Closed Bug 249596 Opened 20 years ago Closed 19 years ago

Cookie Lifetime Policy: "ask" and "current session" shouldn't be mutually exclusive

Categories

(Core :: Networking: Cookies, defect)

defect
Not set
normal

Tracking

()

RESOLVED WONTFIX

People

(Reporter: danielc, Assigned: darin.moz)

Details

User-Agent: Mozilla/5.0 (Windows; U; Windows NT 5.0; en-US; rv:1.8a2) Gecko/20040702 Build Identifier: Mozilla/5.0 (Windows; U; Windows NT 5.0; en-US; rv:1.8a2) Gecko/20040702 In the preferences "Cookie Lifetime Policy" section, "Accept for current session only" and "Ask for each cookie" are presently mutually exclusive. They should not be and they didn't used to be. Users should be able to be asked about each cookie and then upon closing the browser have all of those cookies automatically disappear. Reproducible: Always Steps to Reproduce:
Ah, I now see that the revised "ask" dialog box allows one to choose the given cookie to be permitted for the current session only. But, there's still a problem... When I have the lifetime policy set to "Ask for each cookie," cookies from sites that are already in my Cookie Manager whitelist will persist after the browser is closed.
I'm marking this bug invalid and opening Bug 263268 which I hope better describes the situation.
Status: UNCONFIRMED → RESOLVED
Closed: 20 years ago
Resolution: --- → INVALID
Product: Browser → Seamonkey
Re-opening and moving to Core. These two preferences should not be mutually exclusive, regardless of the front-end UI. Users should be able to be asked each time a site asks to set a cookie, in addition to having the option to set all cookies as session cookies. Our current network.cookie.lifetimePolicy allows me to get asked each time, OR have all cookies expire on quit, but not both. IMO, this should be broken into two separate prefs. Keep the existing lifetime policy pref, possibly rearranging it. A new Boolean pref should be added, something like network.cookie.askBeforeAccepting, which will allow the Allow/Deny prompt to be displayed each time a site tries to set a cookie. cl
Status: RESOLVED → UNCONFIRMED
Component: Preferences → Networking: Cookies
OS: Windows 2000 → All
Product: Mozilla Application Suite → Core
Hardware: PC → All
Resolution: INVALID → ---
Assignee: prefs → darin
QA Contact: networking.cookies
Blocks: 174070
Its not really invalid, but it is WONTFIX. The dialog's choice is explicit, and should be respected. The choice given on prompt is "Accept", "Accept for Sesssion" and "Block" ergo the only possible effect that the session-only setting could have would be to make "Accept" behave the same way as "Accept for Session" which seems a tad silly (and unexpected). The only point in separating them would be to drop the Accept button and not allow the user the choice of permanently accepting a cookie, but I don't see the usefulness of that.
Status: UNCONFIRMED → RESOLVED
Closed: 20 years ago19 years ago
Resolution: --- → WONTFIX
(In reply to comment #4) > The only point in separating them would be to drop the Accept > button and not allow the user the choice of permanently accepting a cookie, but > I don't see the usefulness of that.

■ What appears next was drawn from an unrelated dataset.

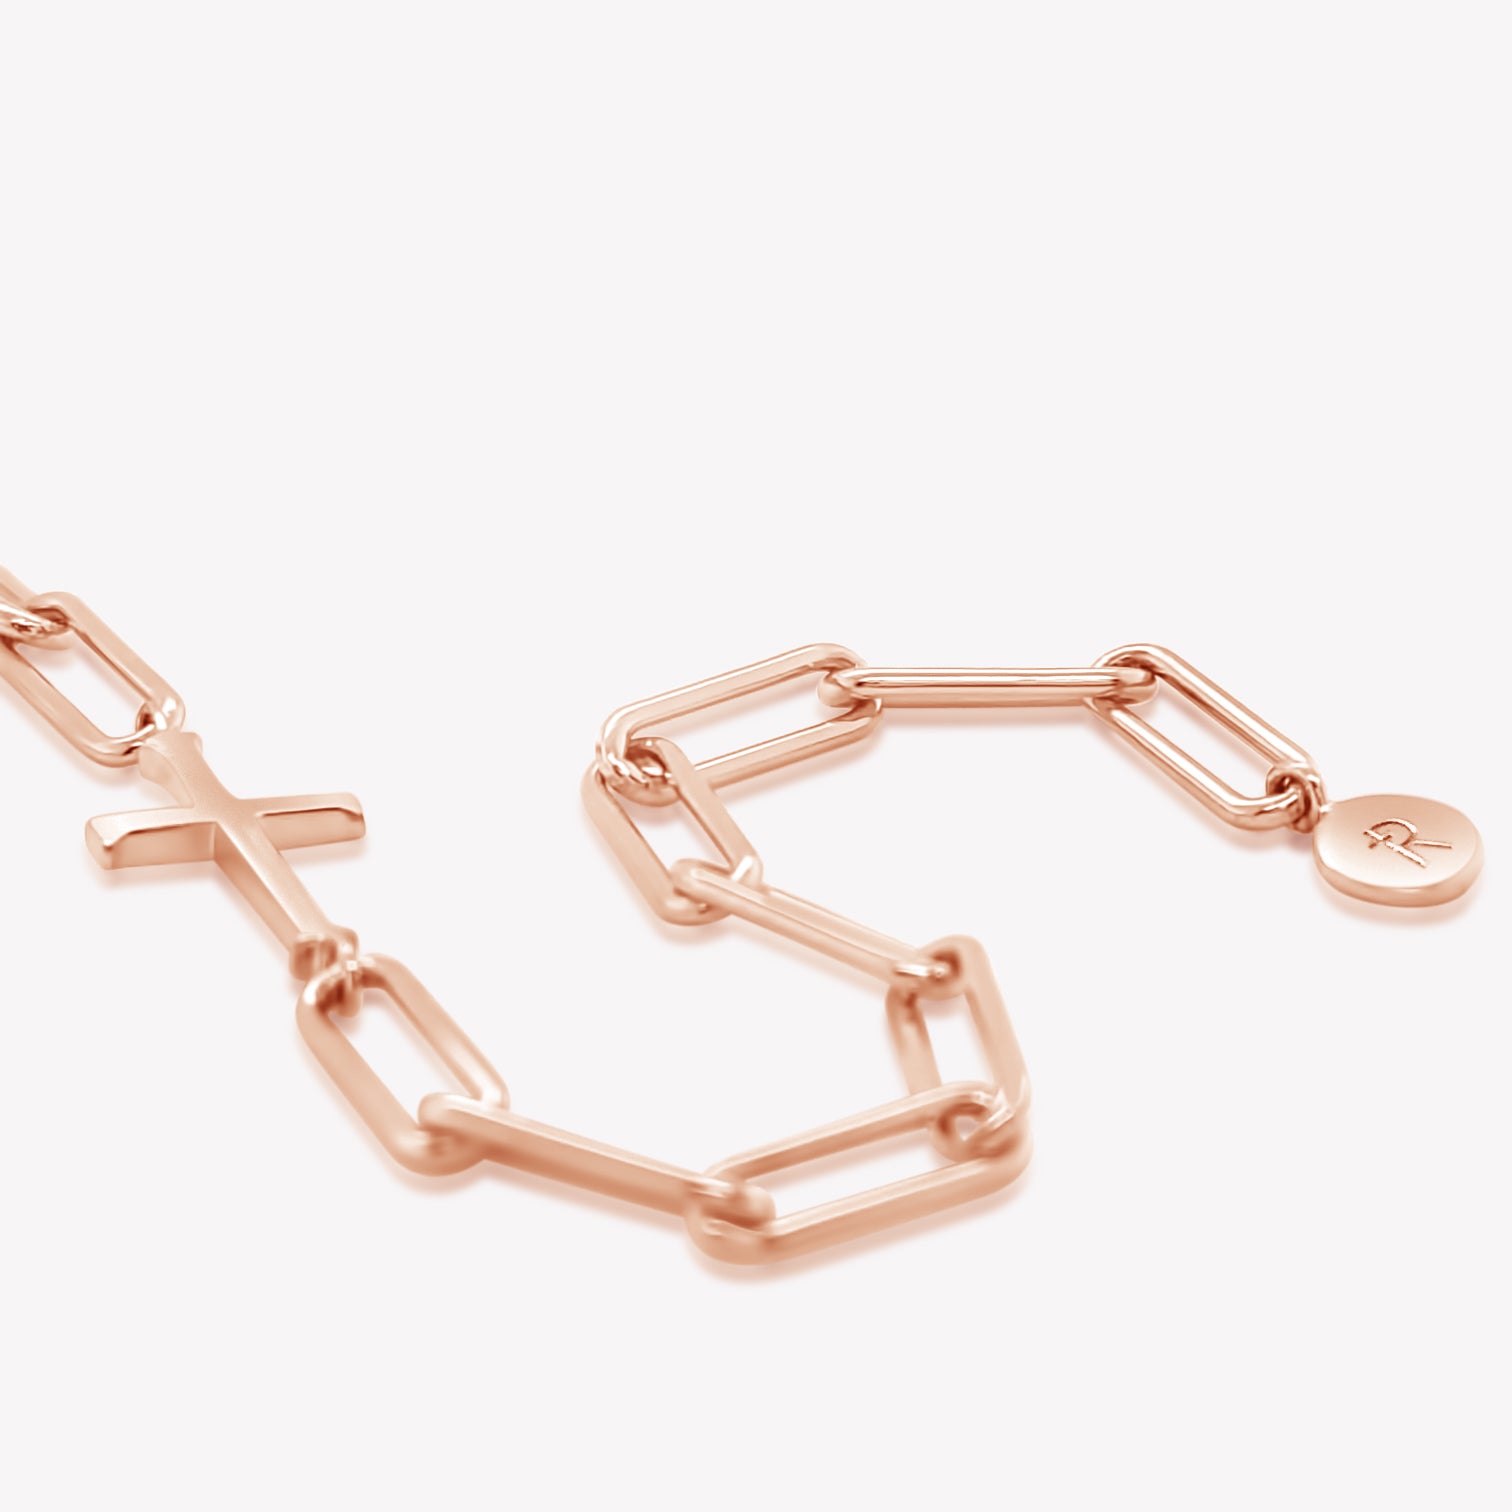 Rizen Jewelry Chain Breaker bracelet in 18kt rose gold.  Elegant Cross Pendant breaks up the contemporary paper clip link chain with circular Rizen tag on last link of chain.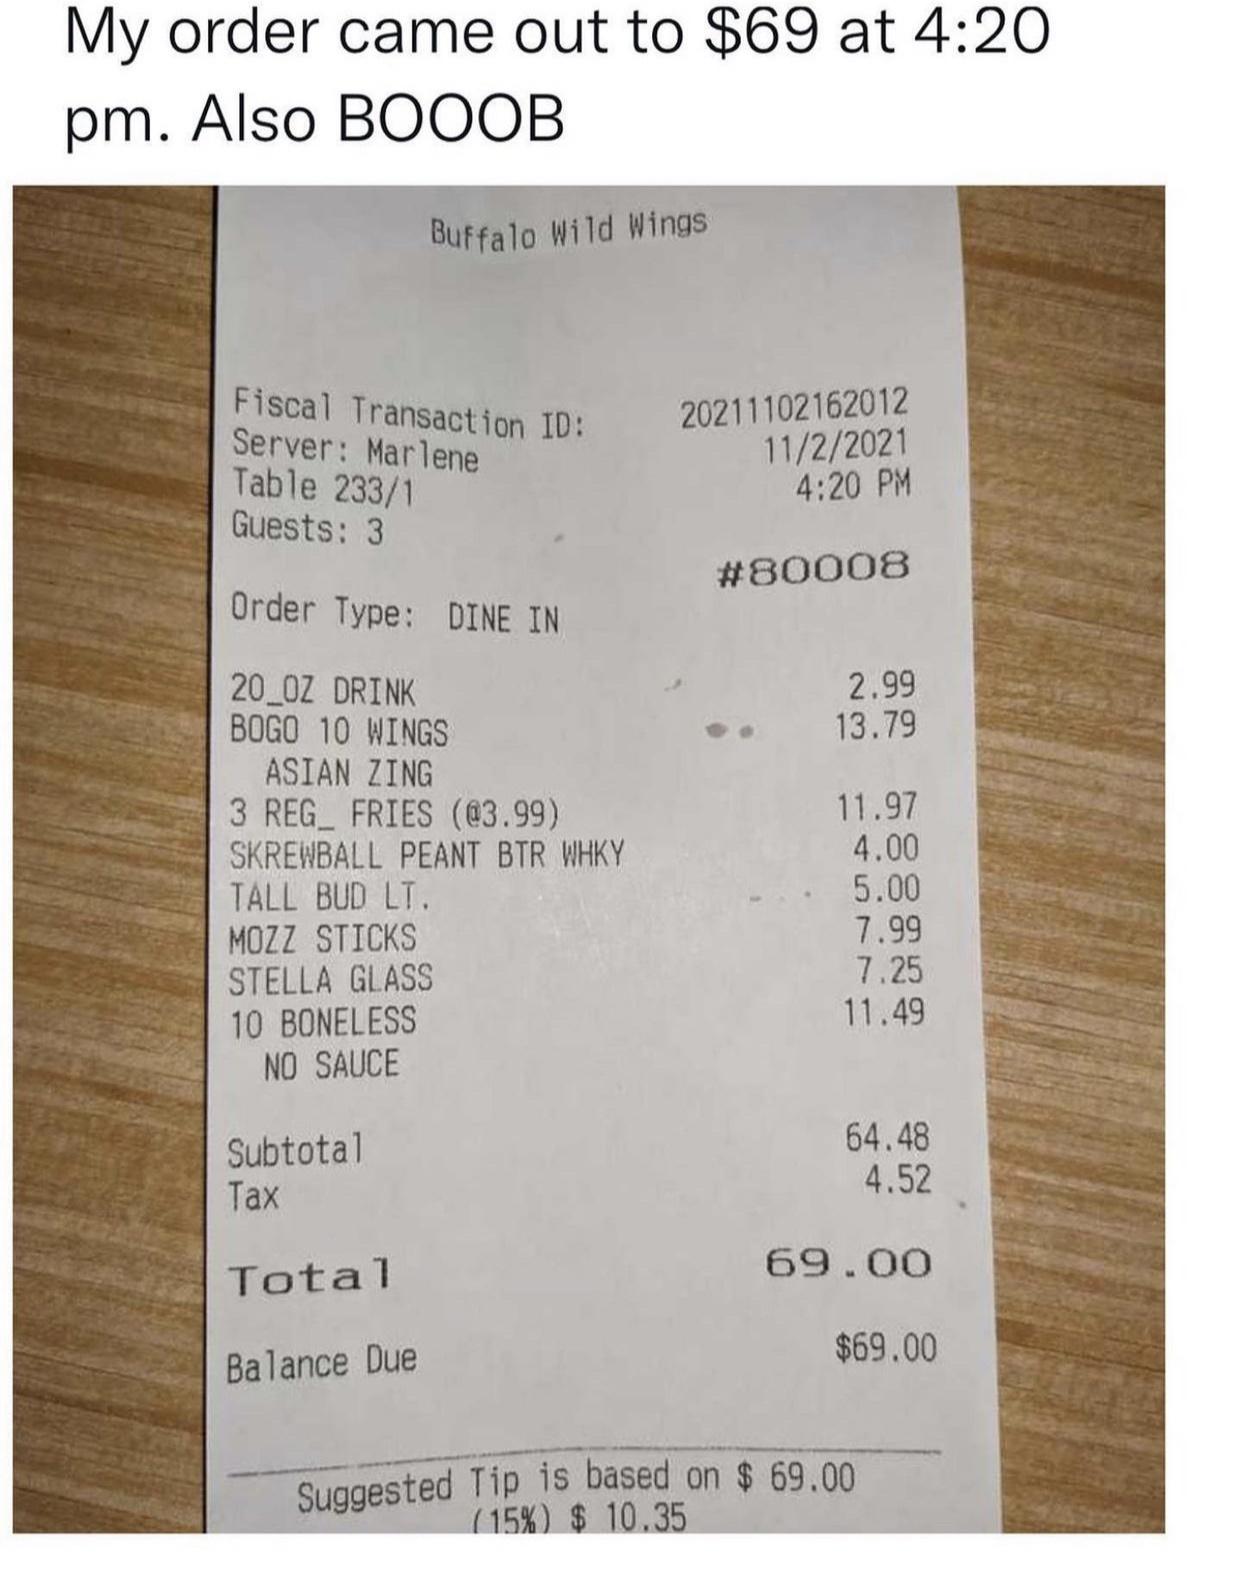 new memes - receipt - My order came out to $69 at . Also Booob Buffalo Wild Wings Fiscal Transaction Id Server Marlene Table 2331 Guests 3 20211102162012 1122021 Order Type Dine In 2.99 13.79 20_OZ Drink Bogo 10 Wings Asian Zing 3 REG_ Fries .99 Skrewball

What about a site whose cookies you don't want to allow, period? If I set "force all cookies to be session cookies" but I still don't want to allow, say, doubleclick.net to set a cookie EVER, there's no UI for doing this from scratch. (Yes, I'm aware that there are client workarounds for this particular example, but most of them are pretty ugly and require a knowledge that a site is going to try to set cookies in advance.) Just wanted to point out a counter-example. I realise this is a pretty low priority but I figured since I was WONTFIXing bug 174070 I should probably comment here on why I think this bug should have been fixed. cl
In my opinion, whether or not to accept a cookie is prior to the consideration of its lifetime. To me, lifetime is a setting that only applies to accepted cookies. With that in mind, it seems the only logical settings for lifetimePolicy would be 0 (default): Use supplied lifetime 1: Accept for session only 2: Cookies last for the number of days specified in network.cookie.lifetime.days I understand the point you're making about consistency/redundancy, but that goes away if you pull the option to Ask out of the lifetimePolicy options. Each browser could extend the Exceptions UI to have one of 4 values for each site Accept Accept for session Accept for N days Deny The Ask dialog could have just Accept/Deny+remember. If remember is checked then the specified lifetimePolicy will read to see what to add the site to the Exceptions list as. Users can go into the Exceptions list and change the setting on a per site basis, the UI stays clean and consistent.